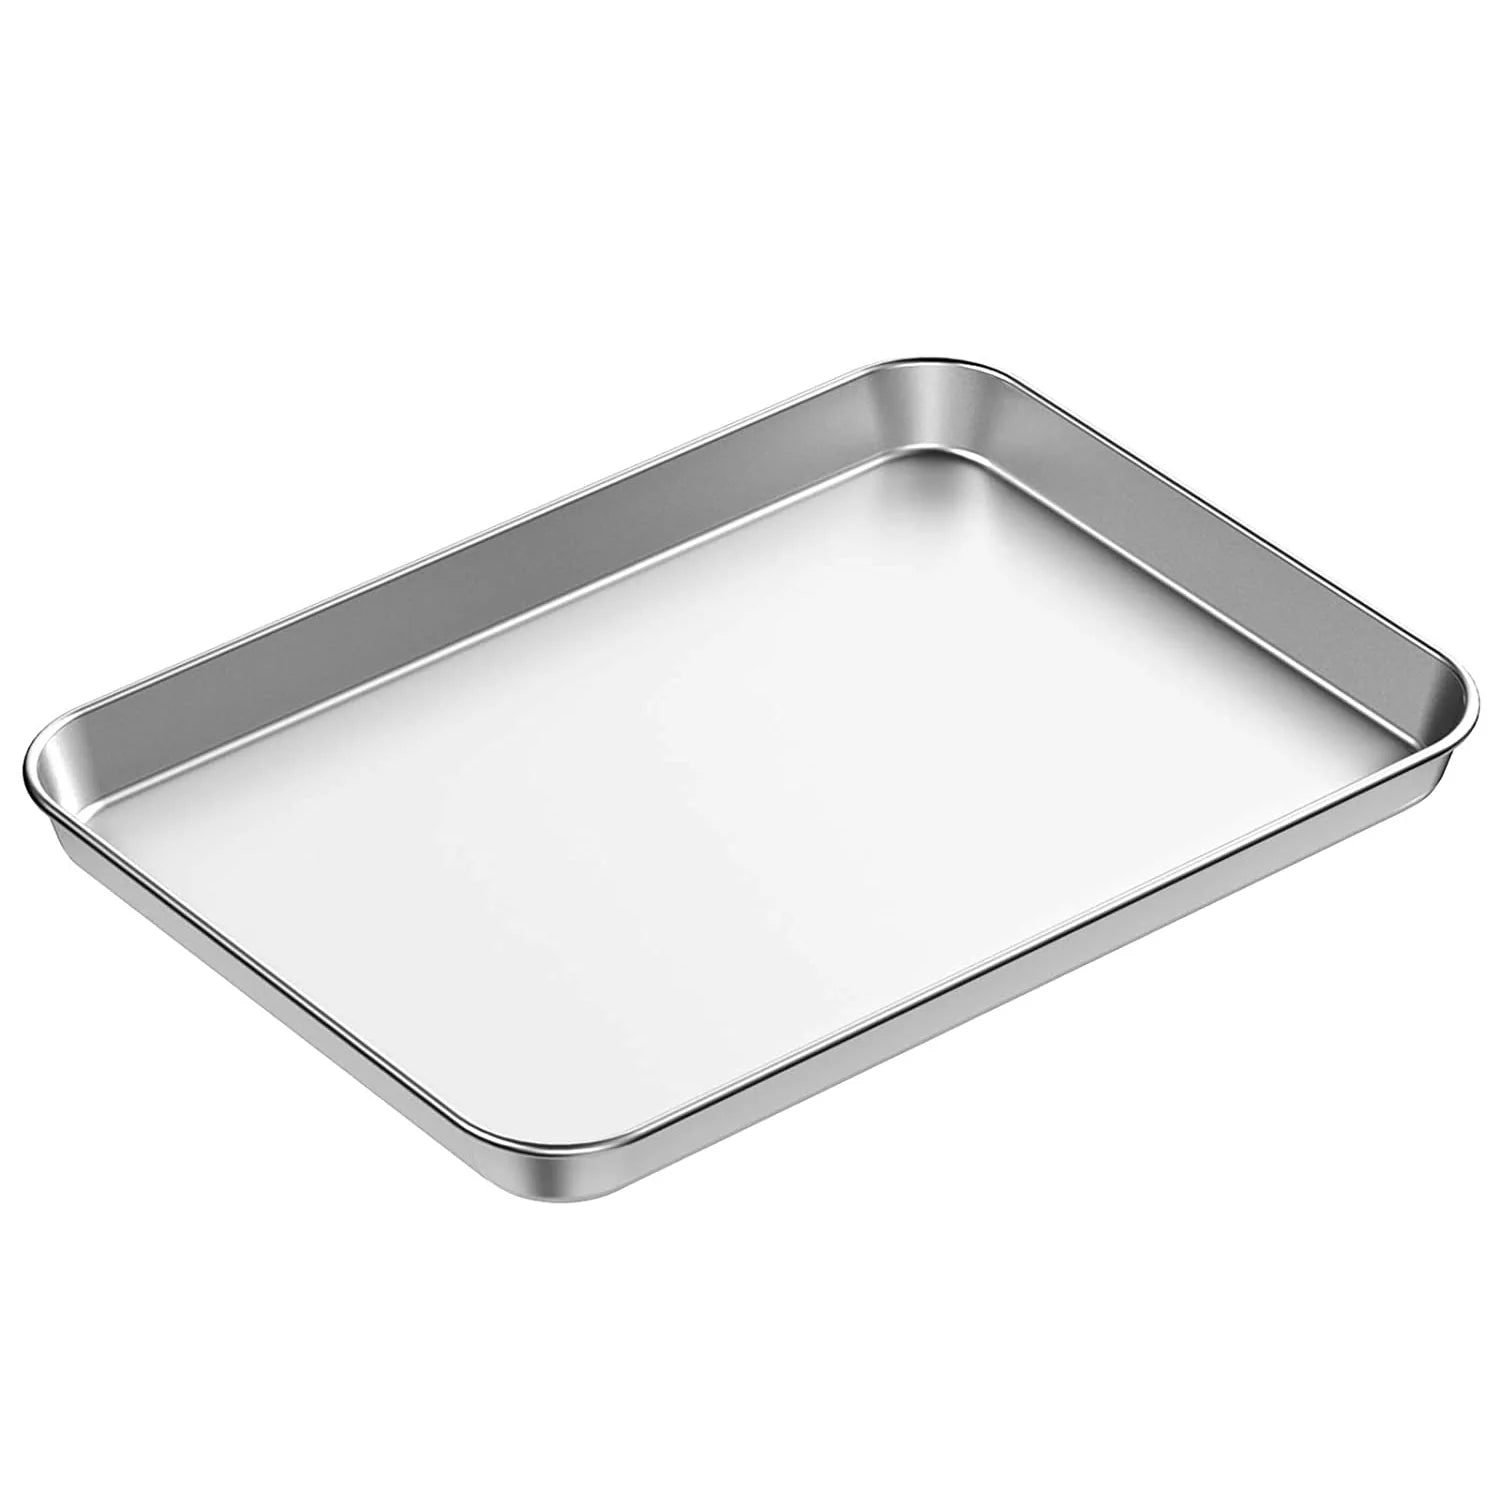 Set Of 2 Baking Trays, Rectangle Baking Pan, Stainless Steel Oven Tray
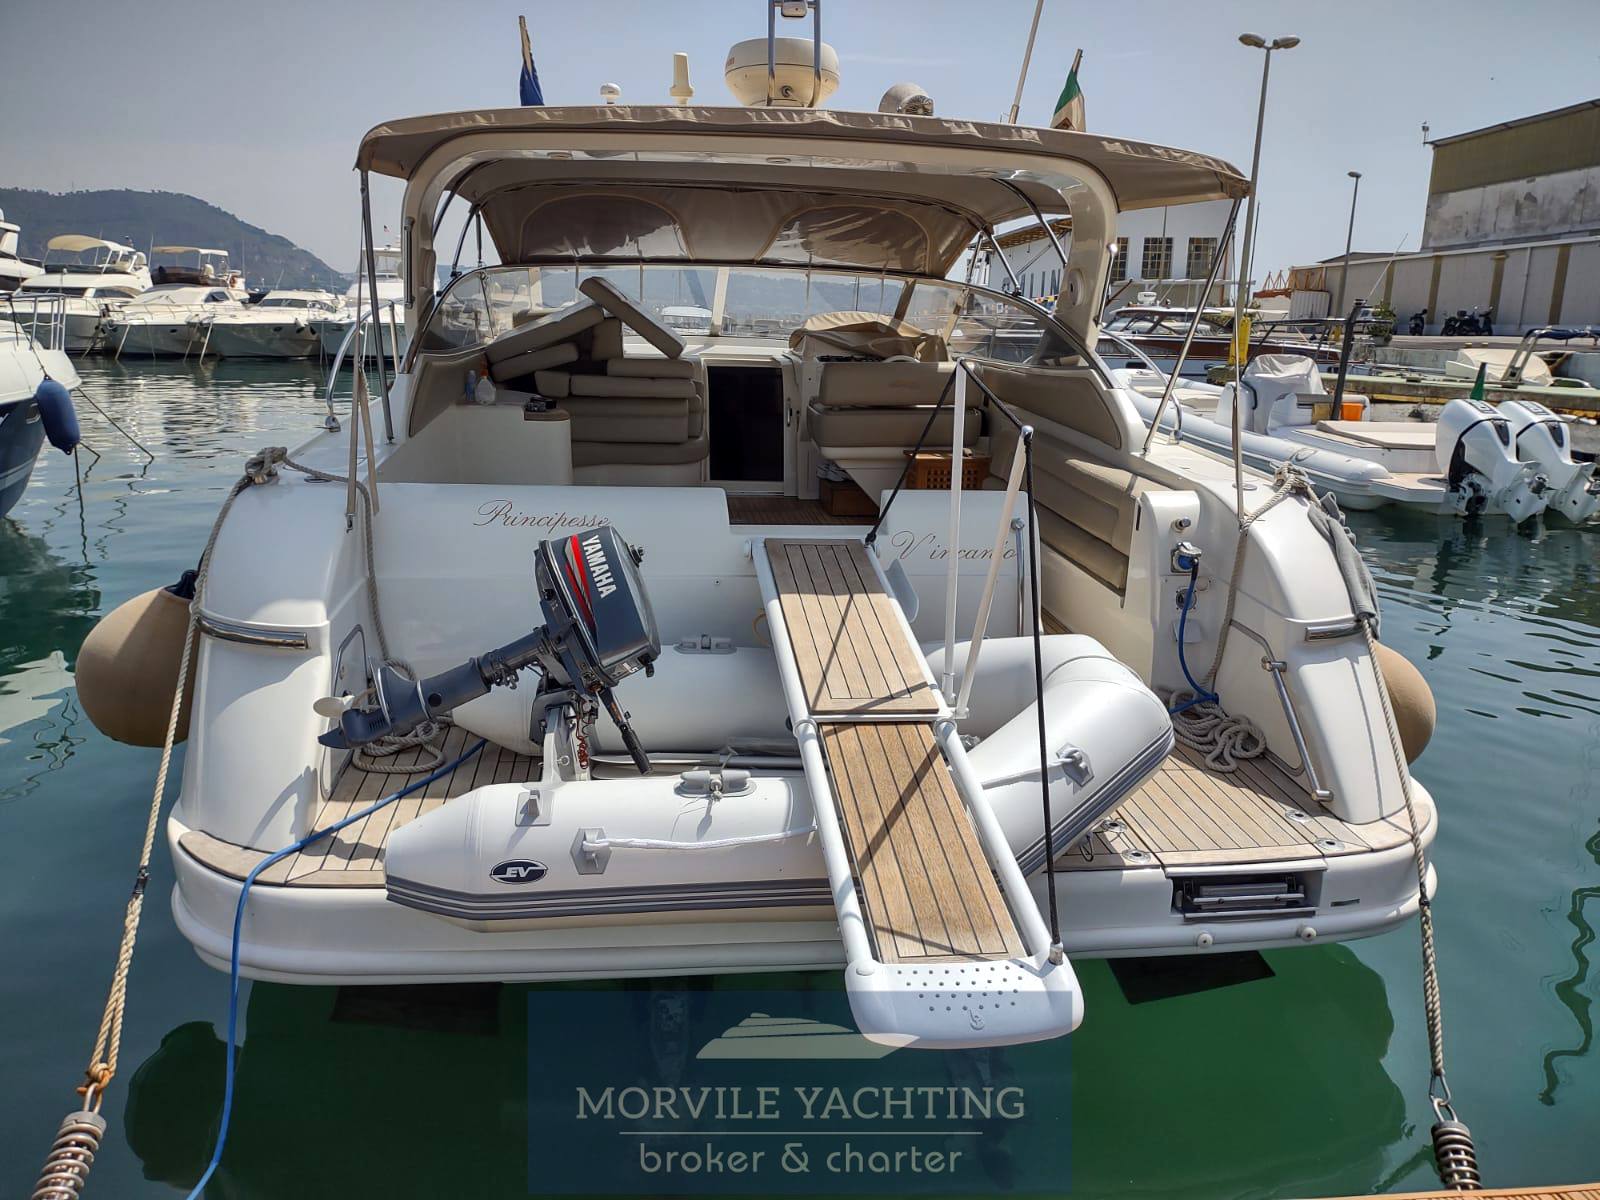 FIART 40 Motor boat used for sale
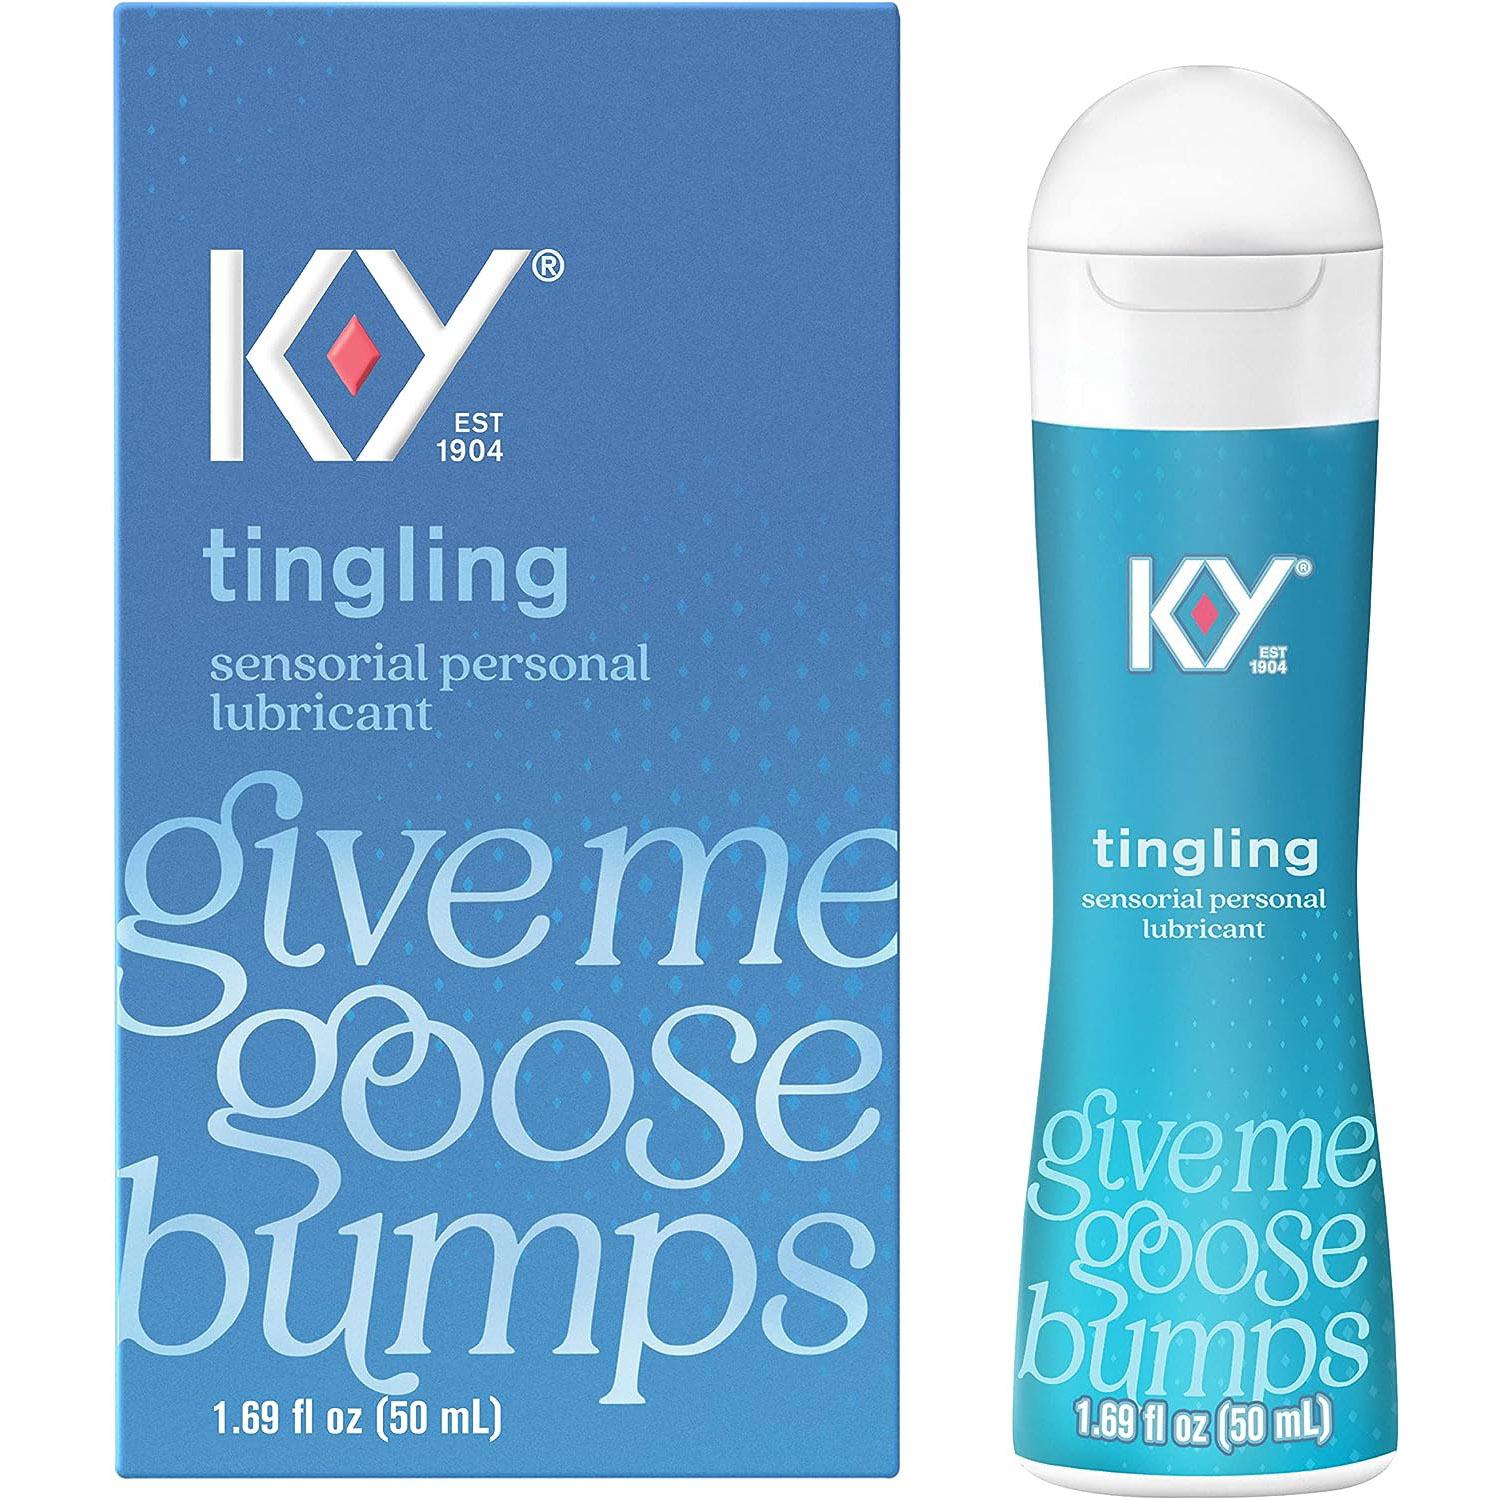 K-Y Tingling Water Based Lube Sensorial Personal Lubricant for $4.84

| To do |
Every line above should be output exactly, except for the pictures.

| Finished exercise |
 Set Of 2 Baking Trays, Rectangle Baking Pan, Stainless Steel Oven Tray
 FIART 40 Motor boat used for sale
 K-Y Tingling Water Based Lube Sensorial Personal Lubricant for $4.84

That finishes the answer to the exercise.